Work to complete: What you give back from the listing below should be an exact copy of the lines from the one with "Psych Mirror, Chair, Furniture, Sink" down to the one with "Metal toilet paper holder/stand. FREE!!", and it should contain no pictures.
[Data below]
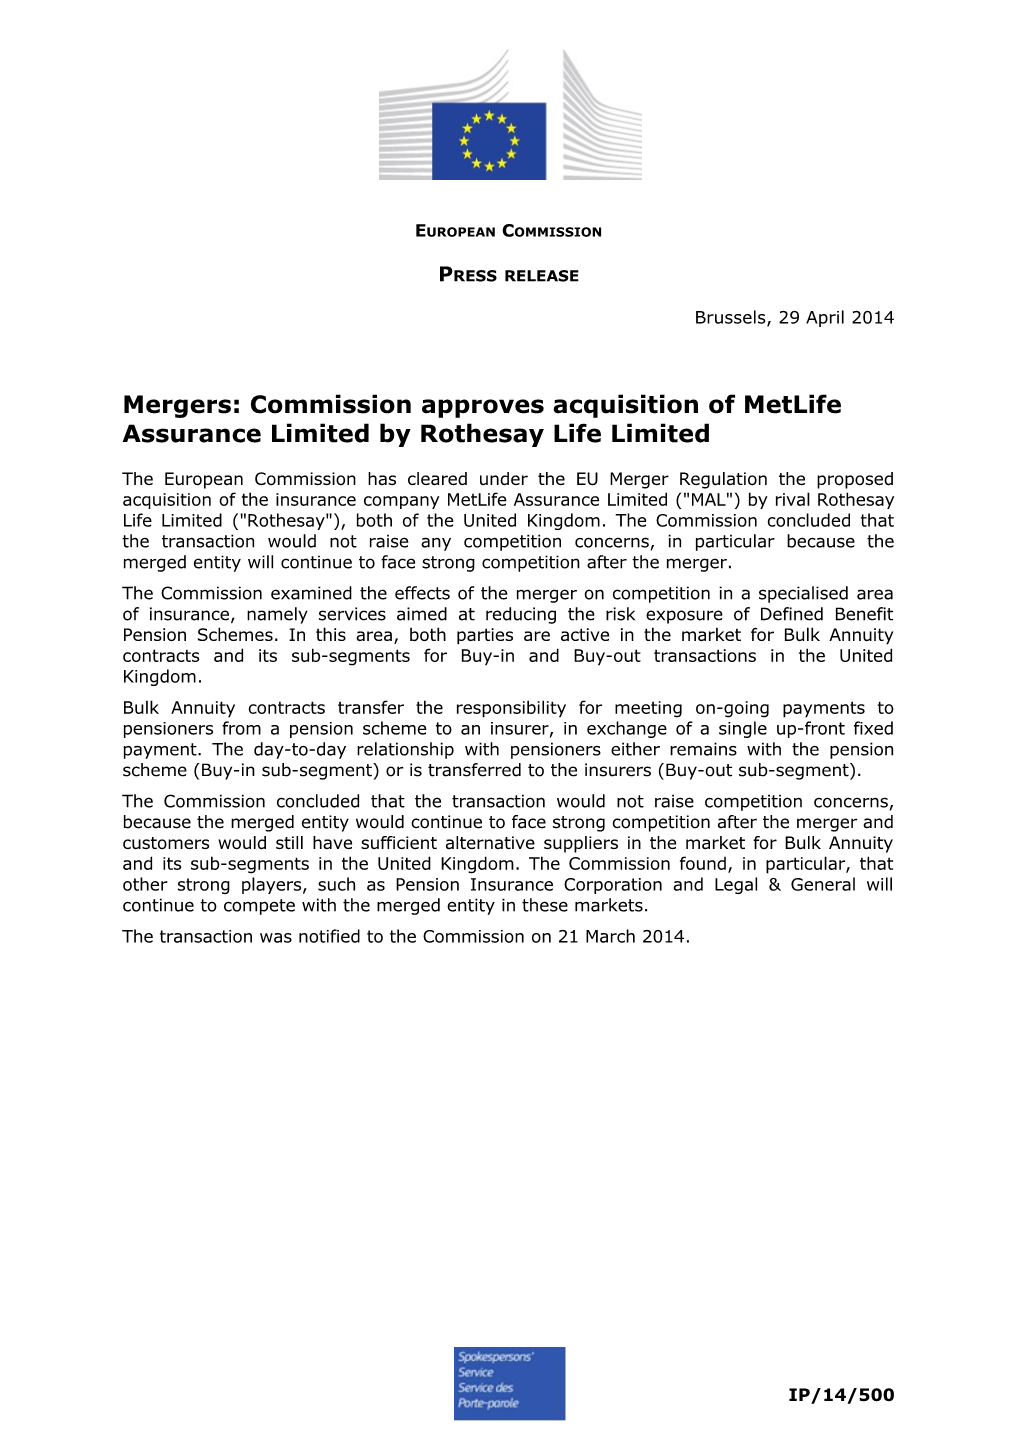 Mergers: Commission Approves Acquisition of Metlife Assurance Limited by Rothesay Life Limited
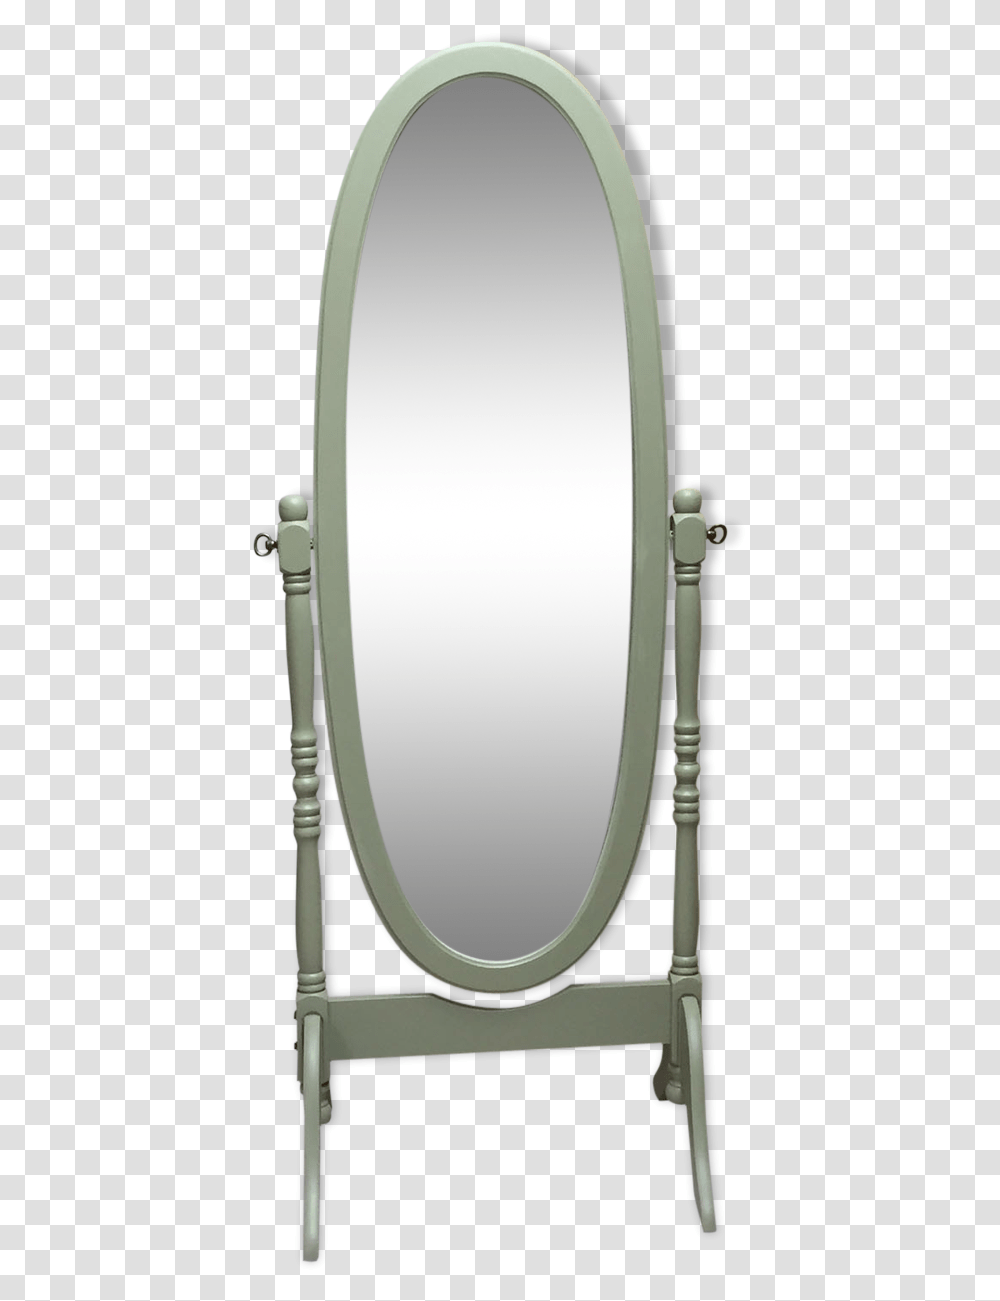 Psych Mirror, Chair, Furniture, Sink Faucet, Interior Design Transparent Png
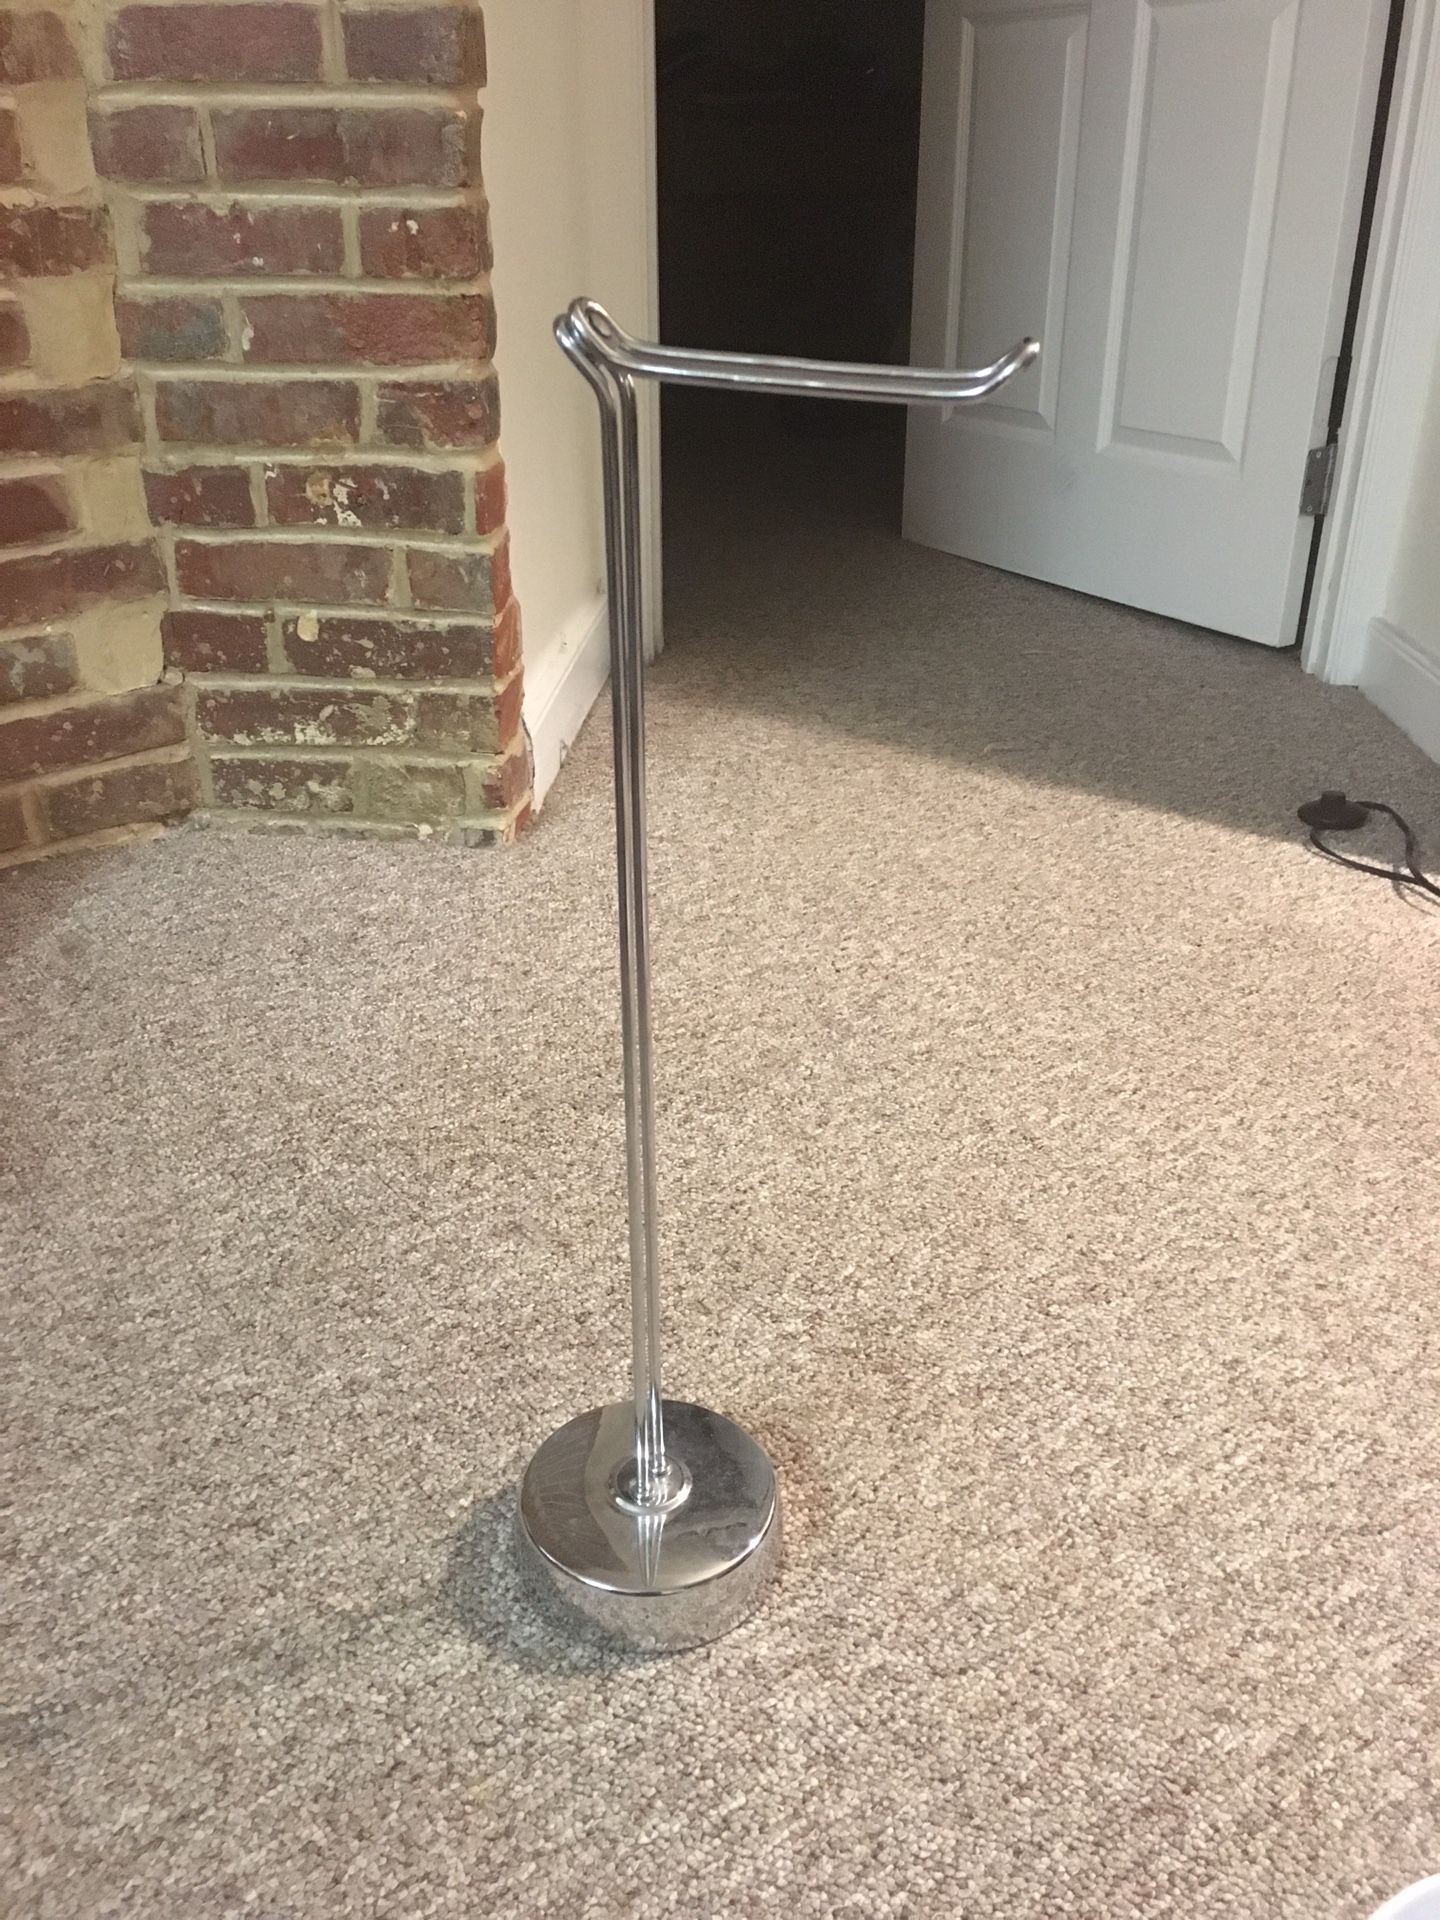 Metal toilet paper holder/stand. FREE!!
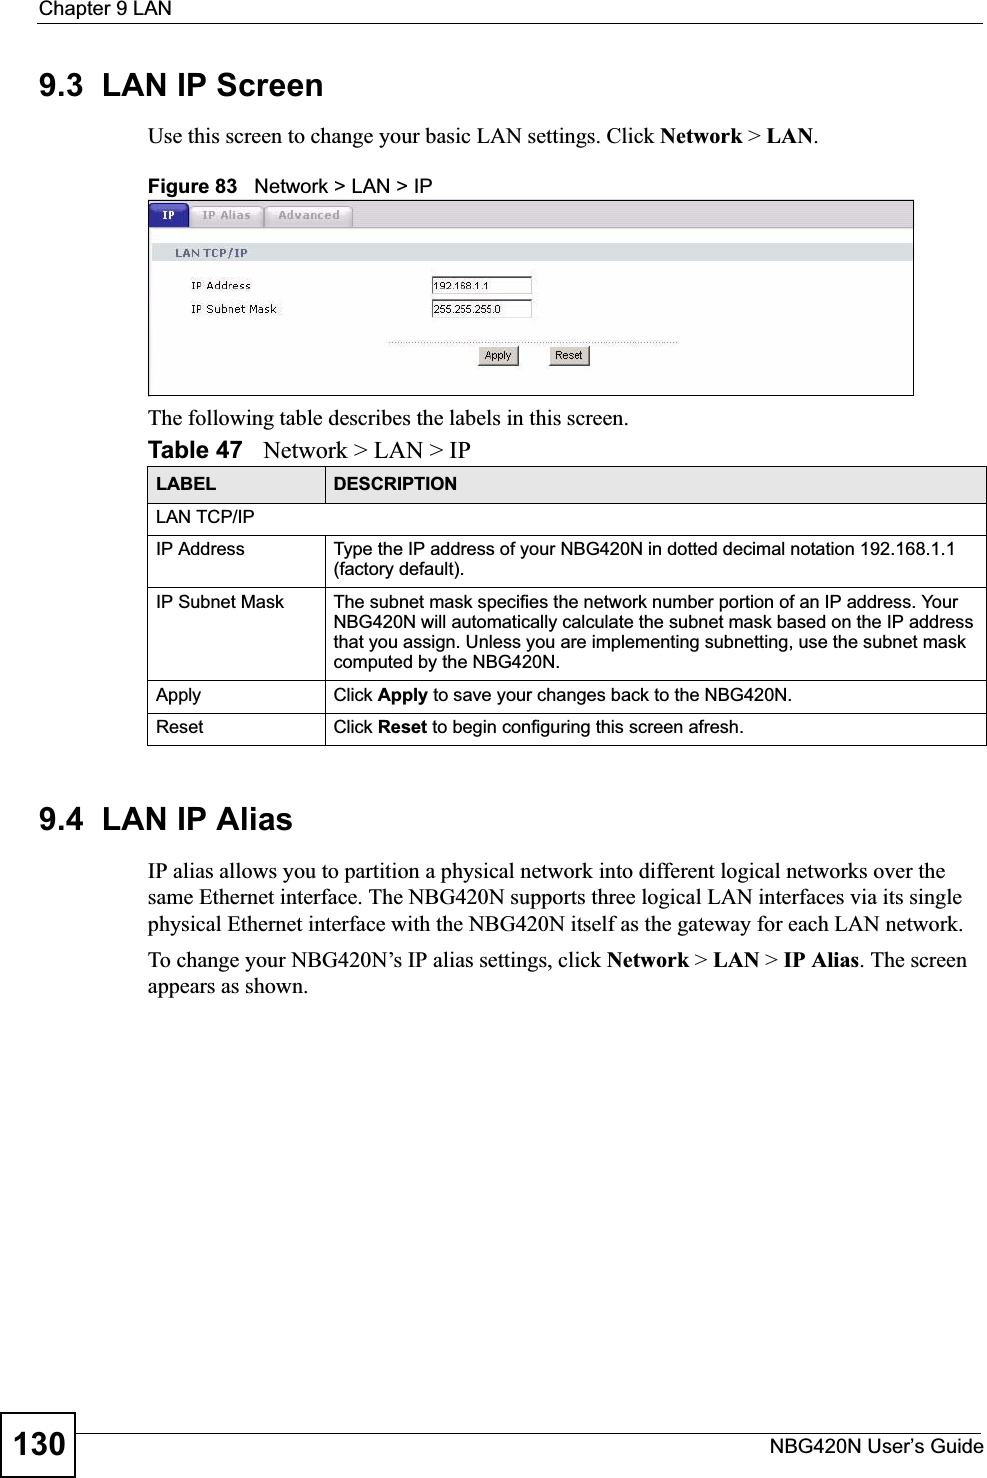 Chapter 9 LANNBG420N User’s Guide1309.3  LAN IP ScreenUse this screen to change your basic LAN settings. Click Network &gt; LAN.Figure 83   Network &gt; LAN &gt; IP The following table describes the labels in this screen.9.4  LAN IP Alias IP alias allows you to partition a physical network into different logical networks over the same Ethernet interface. The NBG420N supports three logical LAN interfaces via its single physical Ethernet interface with the NBG420N itself as the gateway for each LAN network.To change your NBG420N’s IP alias settings, click Network &gt; LAN &gt; IP Alias. The screen appears as shown.Table 47   Network &gt; LAN &gt; IPLABEL DESCRIPTIONLAN TCP/IPIP Address Type the IP address of your NBG420N in dotted decimal notation 192.168.1.1 (factory default).IP Subnet Mask The subnet mask specifies the network number portion of an IP address. Your NBG420N will automatically calculate the subnet mask based on the IP address that you assign. Unless you are implementing subnetting, use the subnet mask computed by the NBG420N.Apply Click Apply to save your changes back to the NBG420N.Reset Click Reset to begin configuring this screen afresh.
[/Data below]
Response:
 Psych Mirror, Chair, Furniture, Sink Faucet, Interior Design Transparent Png
 Metal toilet paper holder/stand. FREE!!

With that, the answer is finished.